Compute integral (1 to 2) dx/((x)*(x-m)) if m is a small positive number.

What happens as m-->0+

Compute integral (1 to 2) dx/((x^2)+n) if n is a small positive number.

What happens when n-->0+

From the look of it, these integrals will be equal as both both n and m approach 0...the problem is I don't know how to show this.....

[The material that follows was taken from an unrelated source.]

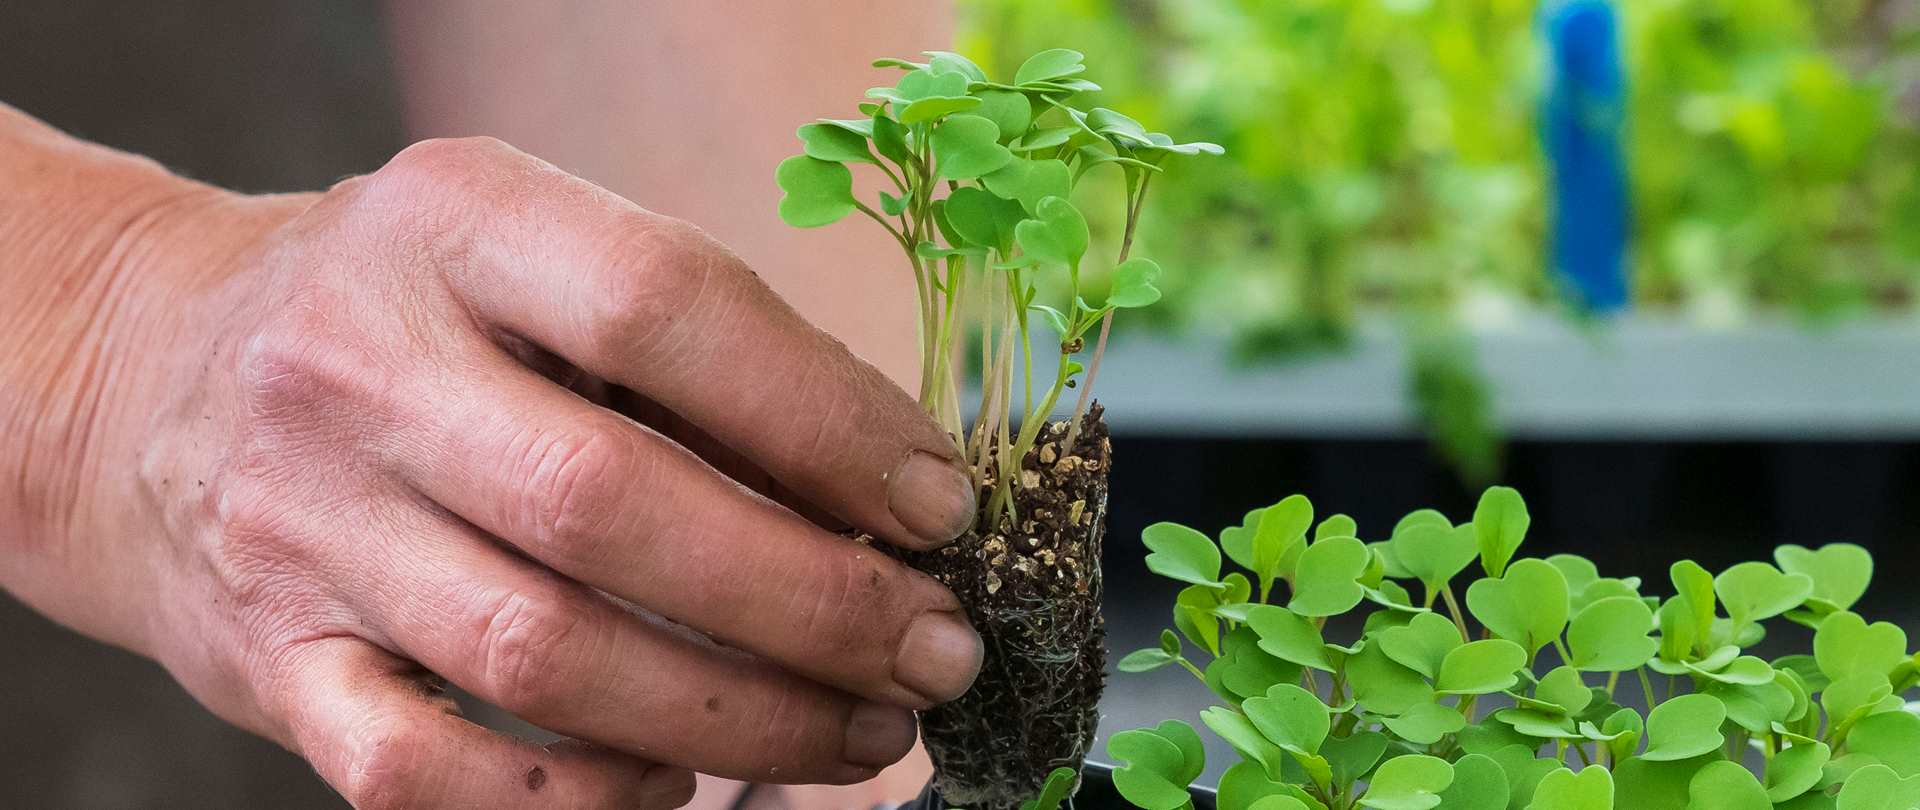 Hands tending to seedlings

2. Originally Posted by zhupolongjoe
Compute integral (1 to 2) dx/((x)*(x-m)) if m is a small positive number.
$\int_1^2 \frac{dx}{x(x-m)}$
Use "partial fractions" to write $\frac{1}{x(x-m)}$ as $\frac{A}{x}+ \frac{B}{x- m}$. Then integrate (you will get logarithms).

What happens as m-->0+

Compute integral (1 to 2) dx/((x^2)+n) if n is a small positive number.
$\int_1^2 \frac{dx}{x^2+ n}$
Now that looks like an "arctan" problem to me. $\int \frac{dx}{x^2+ 1}= arctan(x)+ C$. If you let $\sqrt{n}u= x$ then $x^2+ n= nu^2+n= n(u^2+ 1)$. Of course, $dx= \sqrt{n} du$. When x= 1, u= $1/\sqrt{n}$ and when x= 2, u= $2/\sqrt{n}$ so your integral becomes [tex]\int_{1/\sqrt{n}}^{2/\sqrt{n}}\frac{\sqrt{n}du}{nu^2+ n}= 1/\sqrt{n}int_{1/\sqrt{n}}^{2/\sqrt{n}}\frac{du}{u^2+ 1}

What happens when n-->0+

From the look of it, these integrals will be equal as both both n and m approach 0...the problem is I don't know how to show this.....